French-based Canal+ is looking to buy out South African video entertainment firm MultiChoice.
Canal+ confirmed it has submitted a letter to MultiChoice’s board of directors, containing a non-binding indicative offer to acquire all of the issued ordinary shares of MultiChoice that it does not already own, subject to obtaining the necessary regulatory approvals.
In a statement, the French company says subject to certain confirmations that Canal+ expects following further engagements with MultiChoice, Canal+ anticipates its offer to be for a cash consideration of R105 per MultiChoice ordinary share.
This would represent a premium of 40% to MultiChoice’s closing share price of R75 on 31 January 2024.
The offer comes as MultiChoice sees dwindling revenues as it faces stiff competition from global players, such as Netflix.
In its financial results for the six months ended 30 September, the company posted group revenue of R28.3 billion, down 1% due to weaker local currencies and consumer pressure.
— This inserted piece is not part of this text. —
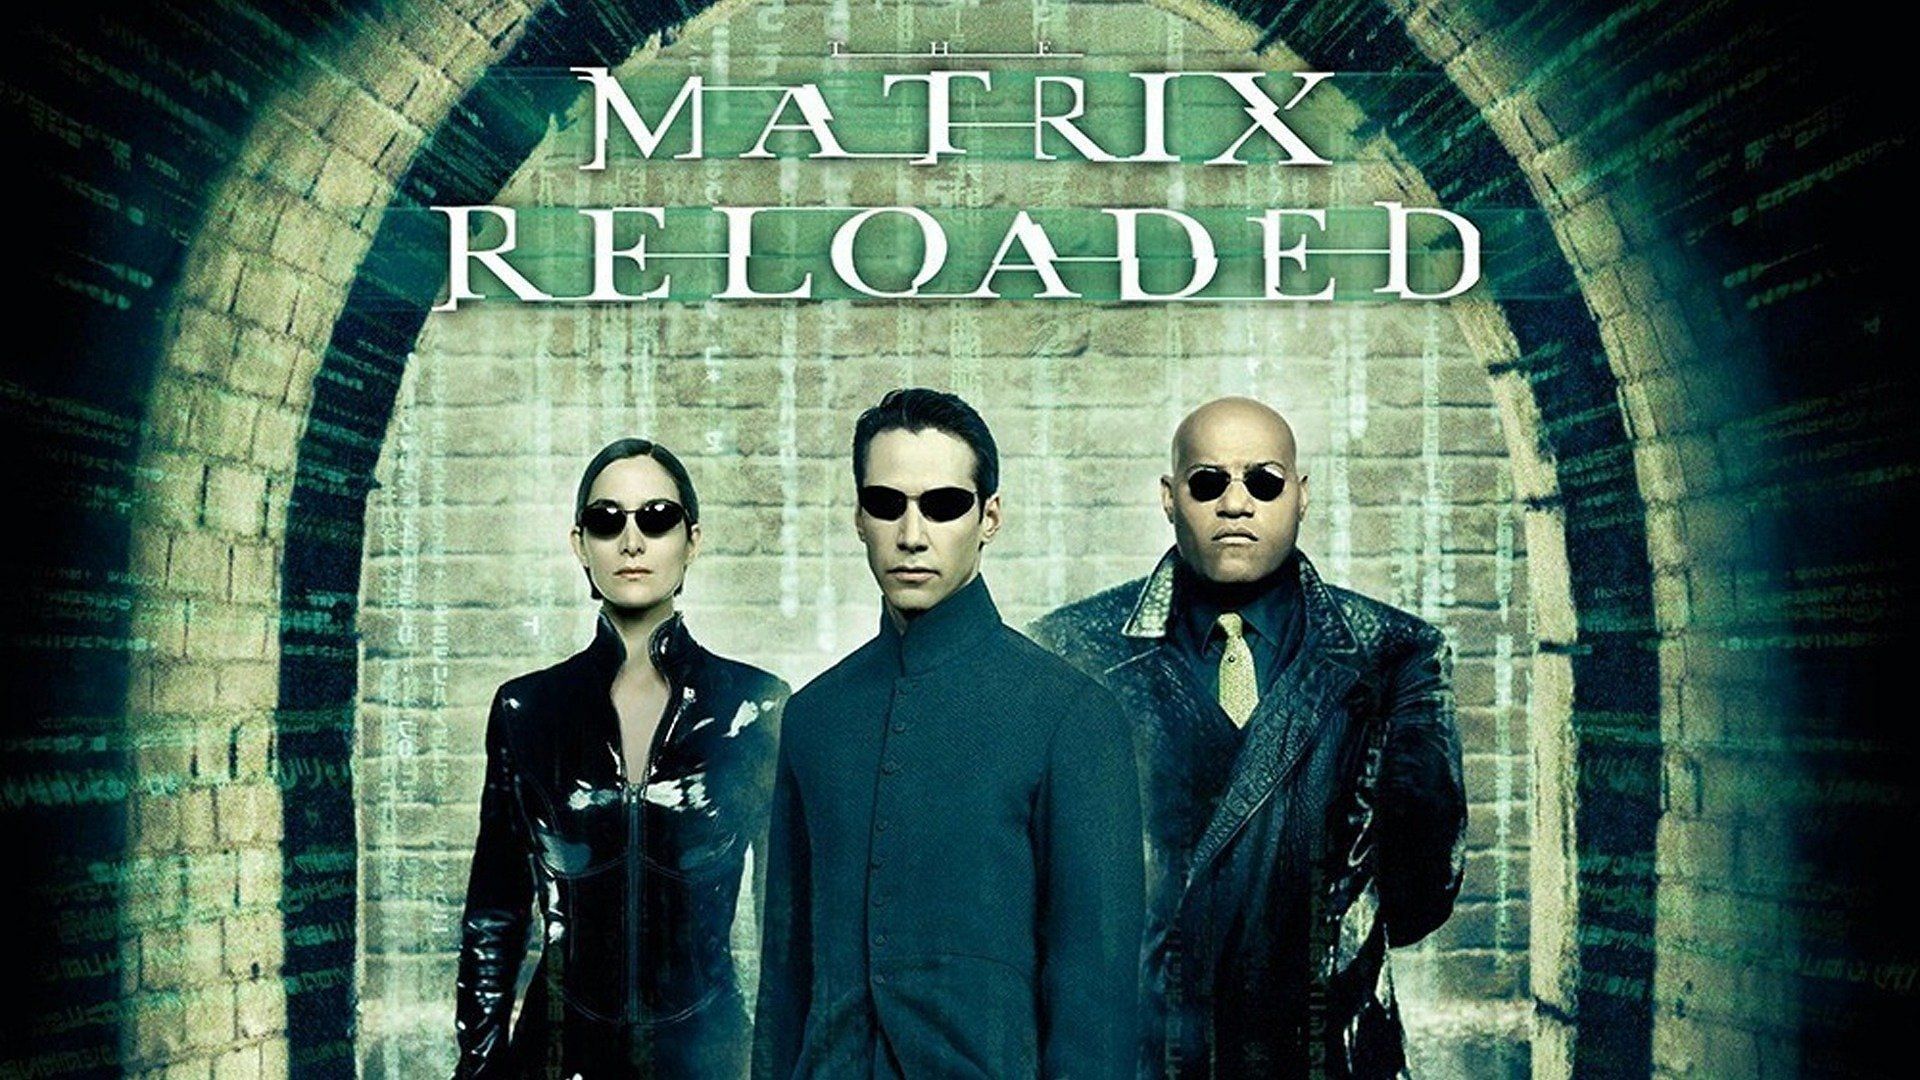 The Matrix Reloaded (Image via Warner Bros. Pictures)

MultiChoice recently partnered with Comcast’s NBCUniversal and Sky to launch a streaming service targeting the African continent. With this partnership, the firm’s Showmax video streaming offering is looking to take US-based streaming service Netflix head-on.
Under this deal, the new Showmax Group will be 70% owned by MultiChoice and 30% by NBCUniversal. In Nigeria, NBCUniversal will hold an indirect 23.7% stake in the local subsidiary.
Canal+ recently increased its stake in JSE-listed MultiChoice to 31.7% after initially acquiring 6.5% of the company’s total ordinary shares in 2022.
Upon the satisfactory completion of a confirmatory due diligence, Canal+ intends to deliver a firm intention letter to the independent board of MultiChoice, says the French company.
At this stage, it says, there can be no certainty about the progression of the potential offer, nor the terms of any transaction that may occur.
“Canal+ is respectful and observant of all laws and regulations relating to the South African media sector and companies listed on the Johannesburg Stock Exchange. Any firm intention letter submitted would be mindful of the obligations that Canal+ would have in this regard,” it notes.
“Canal+ is actively preparing its listing following the unbundling announcement of its parent company Vivendi. This will allow investors to benefit from the combination of Canal+ and MultiChoice, our ultimate goal being to also obtain a listing in South Africa.
The French firm says it has been a supportive major shareholder in MultiChoice for three years, having grown its investment to become the company’s largest shareholder.
“It is the ambition of Canal+ to create an African media business with enhanced scale, which can thrive in a competitive international market, better serve its consumers with a world-leading offering of sports, local and global content, and ensure Africa can tell her story to a global audience on her own terms.”
Maxime Saada, chairman and CEO of Canal+, says: “Canal+ is a long-term investor in both MultiChoice and South Africa, and is proud to have been actively involved in Africa’s media sector for 30 years.
“For MultiChoice to continue to thrive in Africa, it will require a strategy that enhances its scale, as well as strengthened local and global expertise.
“Our potential offer, if successful, would be an important next step for MultiChoice to realise its full potential. Combined with Canal+, MultiChoice would have the resources to invest in scale, local African talent and stories, and best-in-class technology, to allow it to grow in Africa and compete with the global streaming media giants.
“We are steadfast in our belief that MultiChoice could enjoy a bright future as part of a combined group with Canal+.
“As a committed investor and an experienced global media company, we want to ensure MultiChoice and the broader South African creative ecosystem are able to succeed in the long-term,” comments Saada.
“We hope to build on our strong track record of co-operating with MultiChoice to commission ambitious and authentic African content, support more local production companies and deepen access to international sport, while investing in and promoting local sport and their local stars and ambassadors. In turn, this will give viewers more compelling content and further enable Africa to tell her story to a global audience on her own terms.
“We believe that with greater scale, as part of a combined group with Canal+, MultiChoice would enhance its ability to navigate the structural challenges facing the media sector, creating and securing jobs, and providing a platform for the continued success of MultiChoice as Africa’s leading media company.”
MultiChoice today issued a statement confirming it has received the offer from Canal+.
“Accordingly, shareholders are advised to exercise caution when dealing in the group’s securities until a further announcement is made,” the company says.